ApacheIgnite - A non-spark-native solution:
Yes! ApacheIgnite is an in-memory distributed SQL DB which comes with database caching as well.
- It enables users to keep the most frequently accessed data in memory.
- This cache data can be either partitioned or replicated across a cluster of computers.
- All of this cache can be setup native within your spark cluster.
- Note that any inserts are write-behind
Following figure illustrates the role of ApacheIgnite within our Spark application:

Theory:
Ignite data can be exposed as mutable IgniteRDD in Spark which has benefits such as:
- It is a shared rdd i.e., all the spark-workers and spark-applications deployed in the same cluster can share the same state with igniteRDD.

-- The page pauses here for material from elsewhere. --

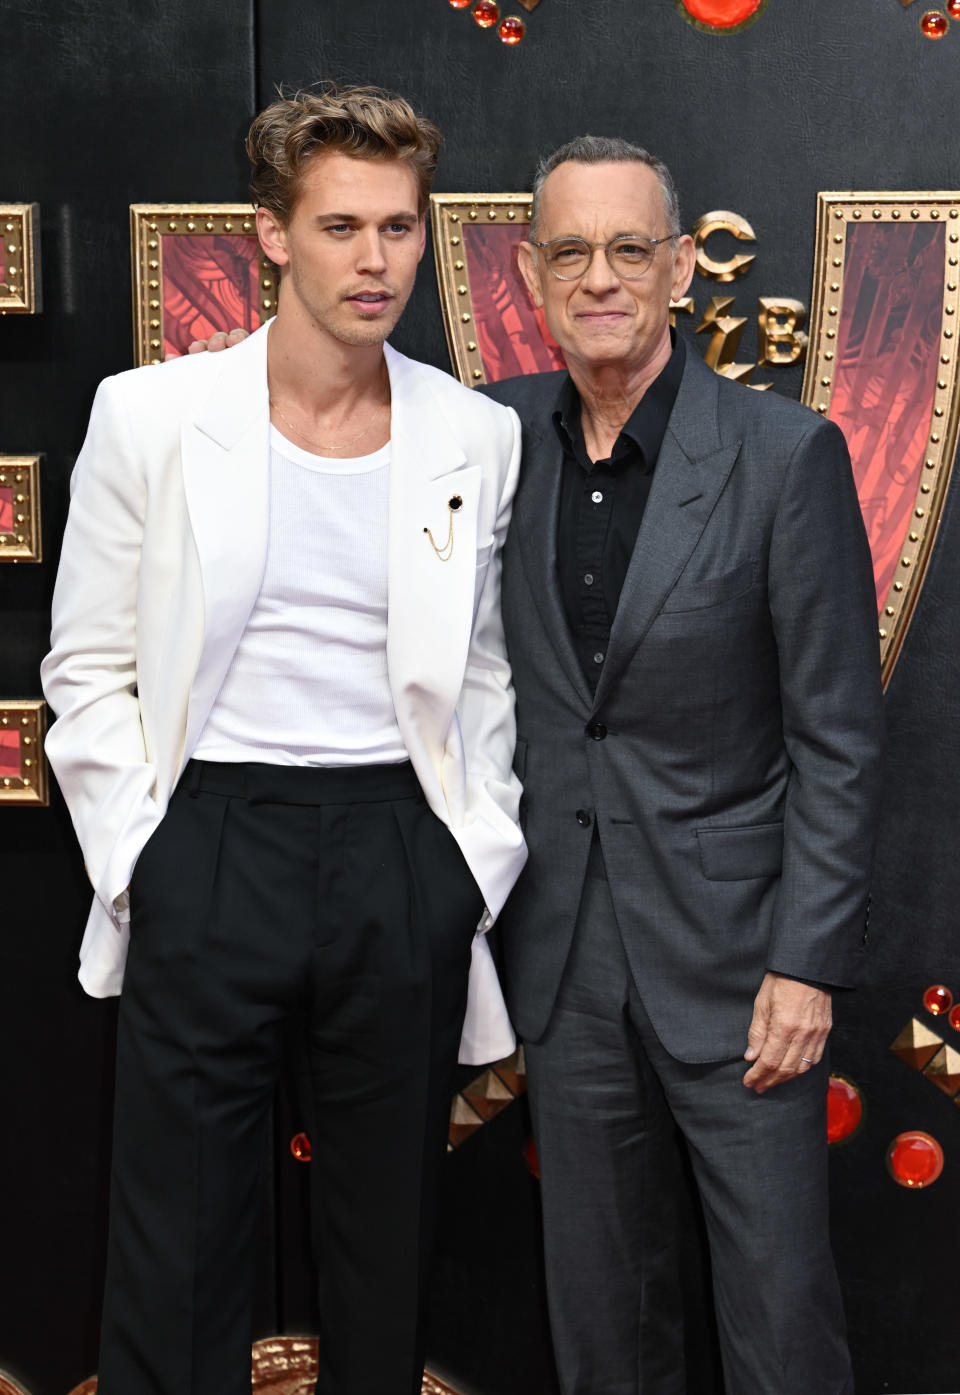 Closeup of Austin Butler and Tom Hanks smile for a photo together at a media event

- It is mutable because igniteRDD is nothing but a rather advanced API on top of your igniteData.
- The igniteRDD is already loaded in the cluster. So, there’s no re-loading/distributing the data to different executors of the cluster every time application starts.
- IGNITE SQL ENGINE faster than Spark SQL engine: Spark does support SQL queries. But, it doesn’t do indexing i.e., every single query will end-up having full scan of data. Ignite has index. So, our sql queries will get executed in algorithmic time which is faster compared to the linear-time.
How does Updates/Ingestion happen to IgniteRDD:
Ignite Streamers are streaming components, that ingest data in the fastest way possible into apache ignite. Hence, any streaming real-time cache-data updates/inserts happens fast.
Demo:
Here, I’ll demo how to mine phrases in a spark streaming application and keep track of changing cache in ignite.
Note that, we saw solution for the same in part2 without using any external service.
val sentencesDf = spark.read
.format("text")
.load(“/tmp/gensim-input”).as[String]
val igniteWordsRDD = new IgniteContext[String, Int](sc, () => new IgniteConfiguration()).fromCache(“igniteWordsRDD")
// learn phrases from input
val phrasesRdd = sentencesDf.flatMap(sentence => Phrases.learnVocab(sentence))
// saving the phrase counts to ignite cache
igniteWordsRDD.saveValues(phrasesRdd)
// transform values in ignite cache - merge old phraseRecords and new phraseRecords
igniteWordsRDD.groupBy(“phrase”).agg(sum($”count”))
Conclusion: Analysis and Advantages:
Key Takeouts:
- Now, hopefully, you would agree with me and stop thinking of modifying a broadcast variable.
- Categorize your need to broadcast into
- Only collecting cache data as we see more and more batches
- Collect cache data nd also use the latest cached data within our application.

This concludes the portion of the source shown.